Jessup stared out at the water, utterly deflated. But Brian also sensed some relief.
“No,” she said. “It wasn’t.”
“Pardon me for asking, but are you and Art still … as close as you were?”
“He seems to be gradually pulling away, if that’s what you mean. But yes, we’re still lovers. There was a time when I think I would have done almost anything for him. But don’t get me wrong. I was going to benefit, too. Two million or more in just the first year if all went well. I have money, but not that kind of money.”
Brian rubbed at the strain and exhaustion that were burning his eyes.
“We have to come up with a plan,” he said. “What do you think we should do now?”
“Do?” the man’s voice behind them said. “Why, I would expect you to do nothing.”
Brian and Jessup spun to the voice. Art Weber stood by the edge of the deck, eyeing them calmly through the gloom. Fanning out from him in a semicircle were Leon and two other men, all of them holding guns.
Brian glanced over at Jessup to see if she was as shocked at the arrival of the intruders as he was. He didn’t have to wait long to find out.

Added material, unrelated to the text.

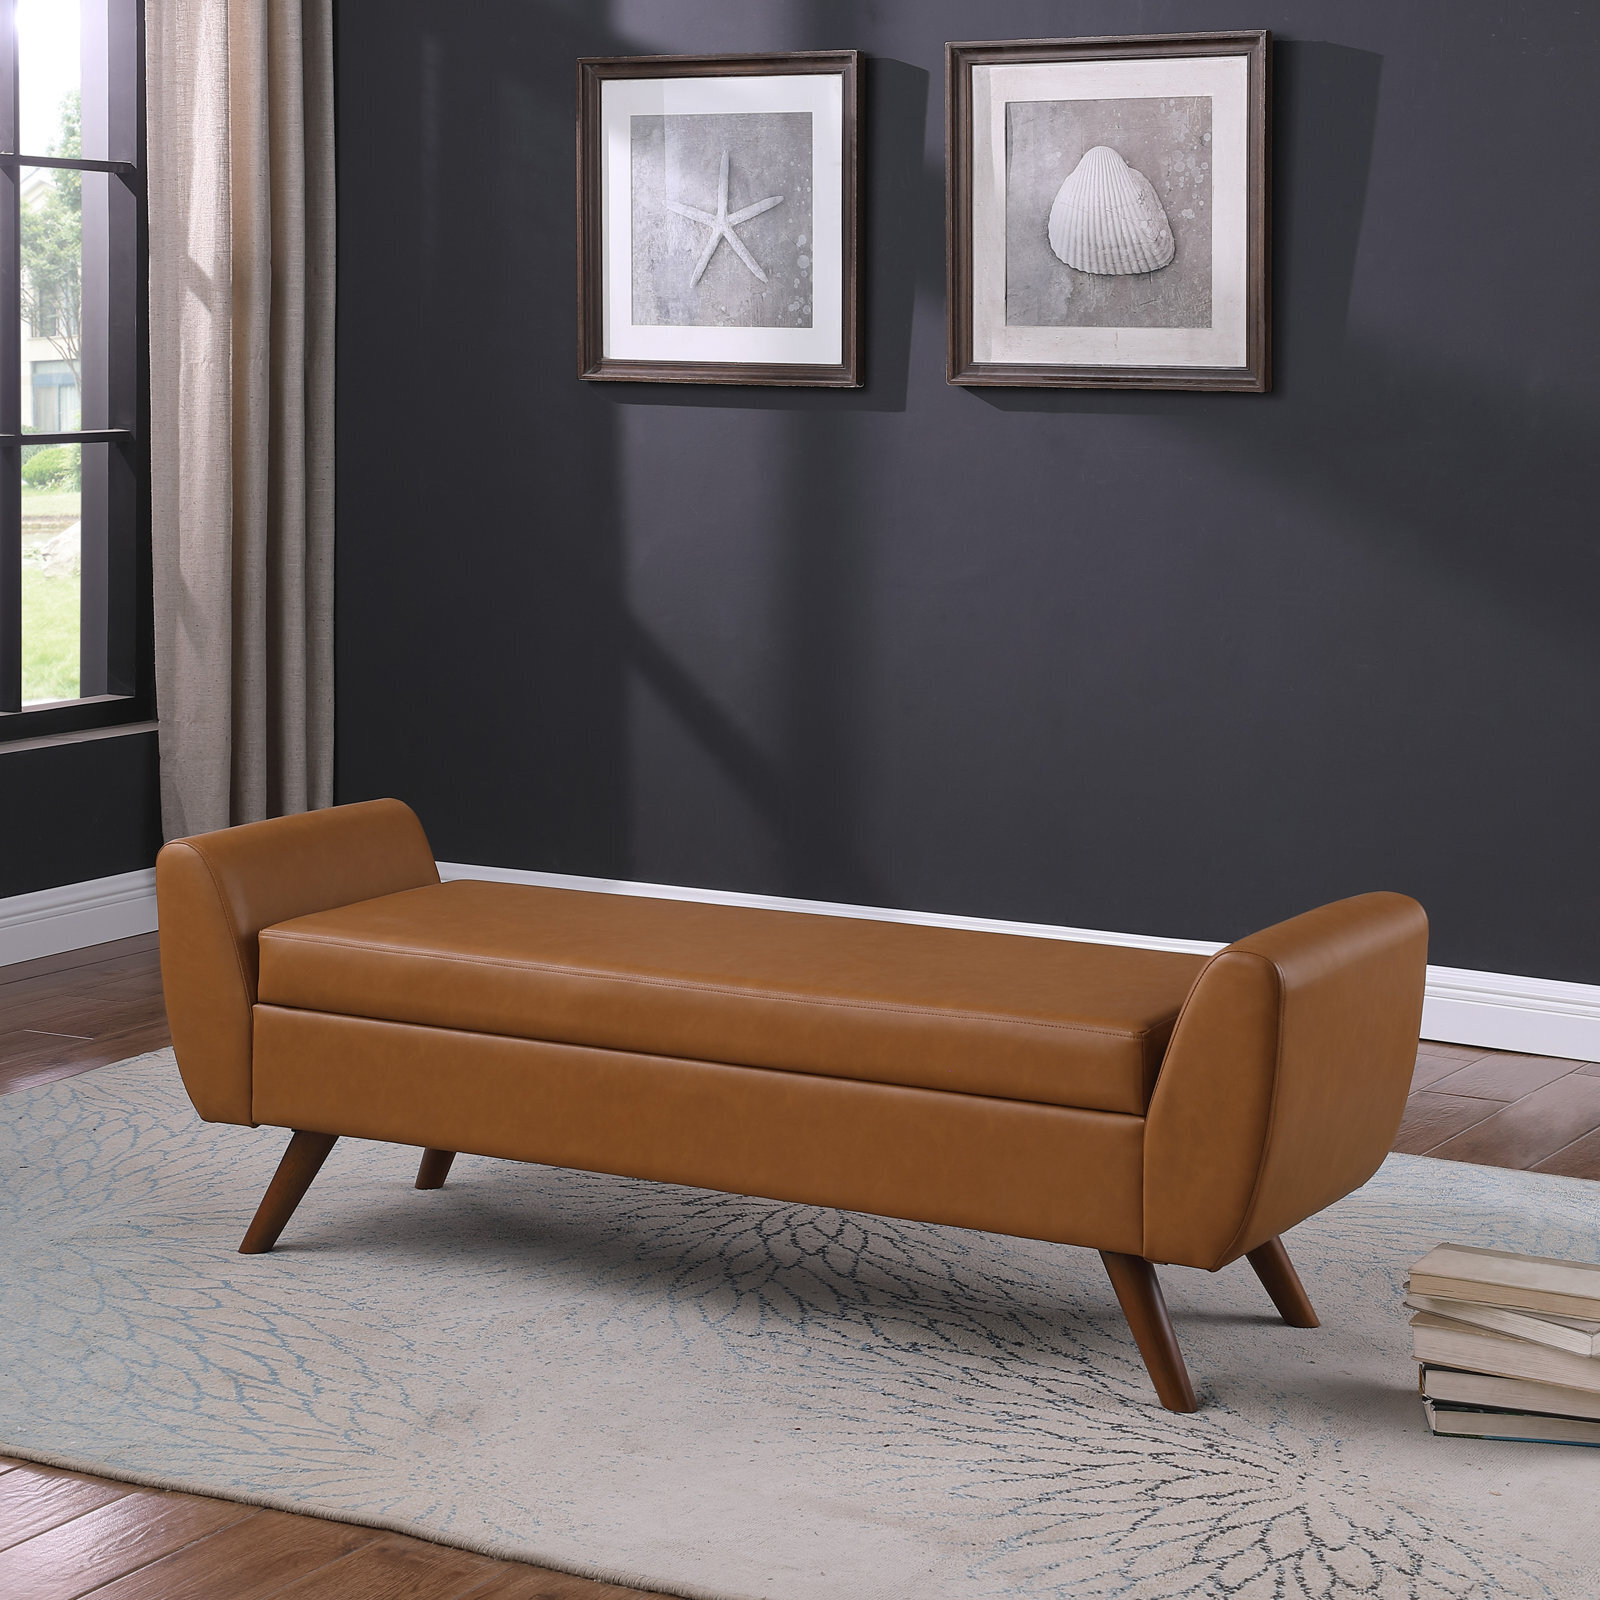 Upholstered Bench With Arms And Hinged Lid Storage

“Art, he knows everything,” she said hoarsely. “Absolutely everything.”
Weber stepped forward and smacked her viciously across the face with the back of his hand.
“He does now, you stupid bitch!” he snapped.
M
INUTES?… HOURS?… DAYS?… FOR
B
RIAN
, time was completely lost within a swirling haze of drugs and pain. He was on a wooden chair in a spare, windowless room, his arms lashed together at the wrist and his legs at the ankles. His ribs, separated if not broken from the pounding he had taken to his abdomen and chest, made each breath a grunting, agonizing effort.
Now, for the first time, his head was beginning to clear. He remembered being pummeled by Leon in Carolyn Jessup’s backyard—sharp blows with fists and feet to his face and belly. He remembered the sting of the first injection, given deep into the muscle at the base of his neck while he was still lying on the wet grass. He remembered being zipped into a plastic body bag. He remembered his tall frame being folded into the trunk of a car. Then, he remembered nothing.